Data preparation capsule that converts BARseq gene-expression data from MATLAB format to R SingleCellExperiment (SCE) objects for downstream analysis, as part of:
Su, Kosillo, Jung, Chen et al. (2026). Topographic structure and function of locus coeruleus norepinephrine neurons. bioRxiv 2026.04.10.717727
This capsule does not produce manuscript figures. Its outputs are saved as two per-subject derived data assets which are consumed by the downstream analysis capsule LC-NE_BARseq_MAPseq_analyses (Code Ocean), which uses them to generate Figure S5 of the manuscript.

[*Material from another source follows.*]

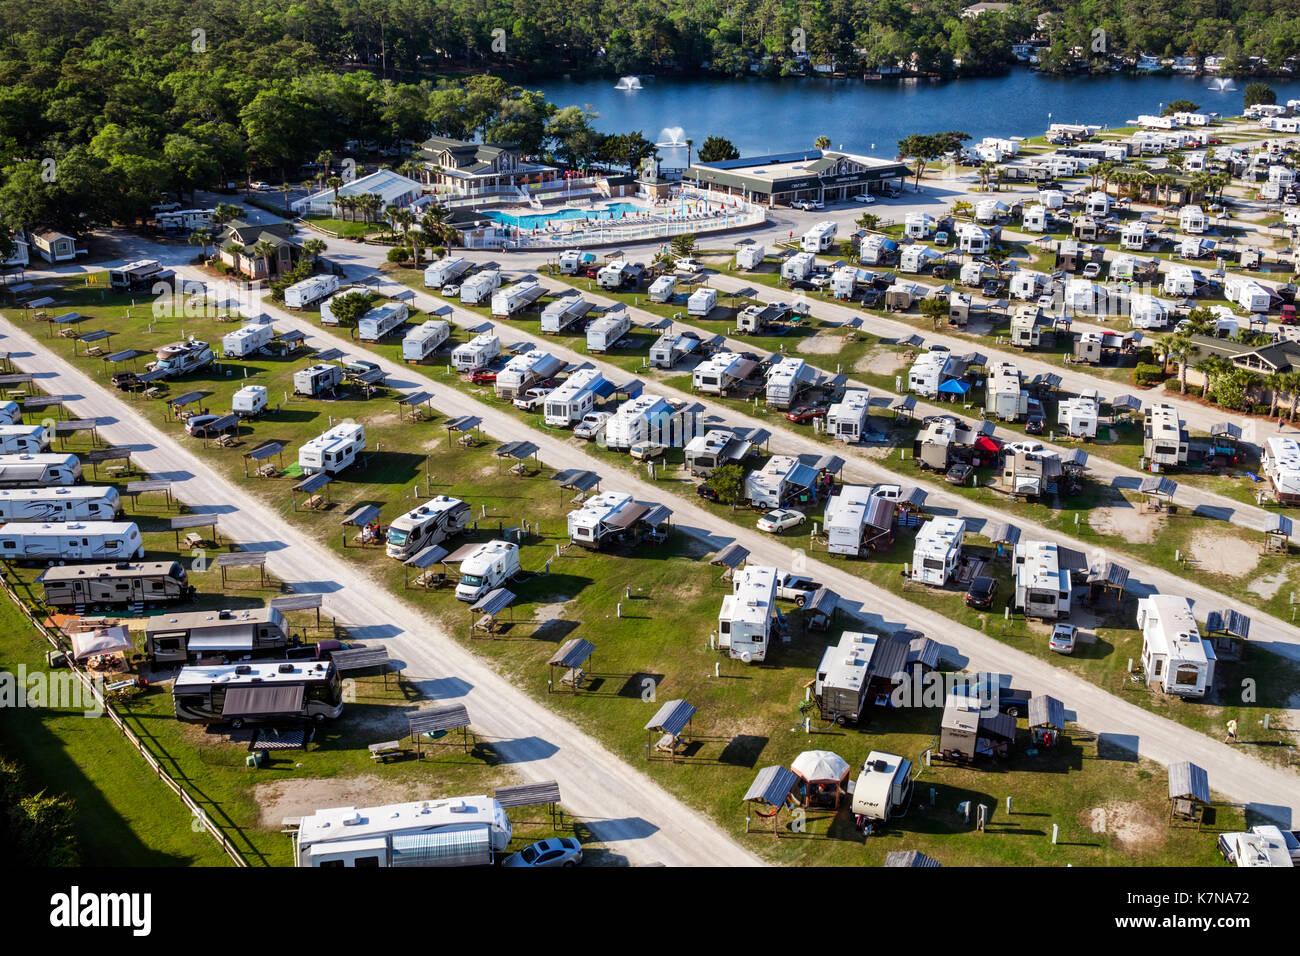 South Carolina SC Atlantic Ocean Myrtle Beach Myrtle Beach RV Travel Park recreational vehicles trailer caravan - Stock Image

GitHub: https://github.com/AllenNeuralDynamics/LC-NE_BARseq_MAT-RDS_conversion
Code Ocean: https://codeocean.allenneuraldynamics.org/capsule/3953531/tree
Full collection: https://codeocean.allenneuraldynamics.org/collections/9cf044ce-93c7-4c7e-bfa1-5d8c37aa42ec
| File | Description |
|---|---|
00_env_library_loading.R |
Loads the r4-base conda environment and core libraries (hdf5r, Matrix, SingleCellExperiment). Provided as a reference for interactive use; not called directly by the run script. |
00_conversion_lib.R |
Shared library holding the conversion logic. Defines convert_v7_filtneurons() (reads a v7.3 BARseq .mat into a SingleCellExperiment) and convert_subject() (end-to-end per-subject pipeline: read input, save initial SCE, clean, save cleaned SCE, Dbh-filter, save filtered SCE). Sourced by the per-subject scripts. |
01_BarSeq_RDSconvert_brain3_v2.R |
Per-subject driver for specimen 780345 (brain 3). Sources 00_conversion_lib.R and calls convert_subject(). |
01_BarSeq_RDSconvert_brain4_v2.R |
Per-subject driver for specimen 780346 (brain 4). Sources 00_conversion_lib.R and calls convert_subject(). |
02_update_metadata.py |
Generates AIND-compliant data_description.json and processing.json for each output folder, and copies peer metadata (acquisition.json, procedures.json, subject.json) from the input asset. Uses aind-data-schema Pydantic models for validation. |
run |
Bash entry point for Reproducible Run. Renders each conversion script to an HTML report via knitr::spin, then runs the metadata-generation script. |
convert_subject() performs the following steps for each subject:
- Opens the BARseq MATLAB file (
.mat, HDF5 v7.3 format) usinghdf5r::H5Fileand reads thefilt_neuronsgroup. - Reconstructs the sparse gene-by-cell count matrix from stored CSC components using
Matrix::sparseMatrix. - Extracts per-cell metadata: slice, position, FOV coordinates, angle, depth, barcode status, batch number, CCF coordinates, and CCF annotation.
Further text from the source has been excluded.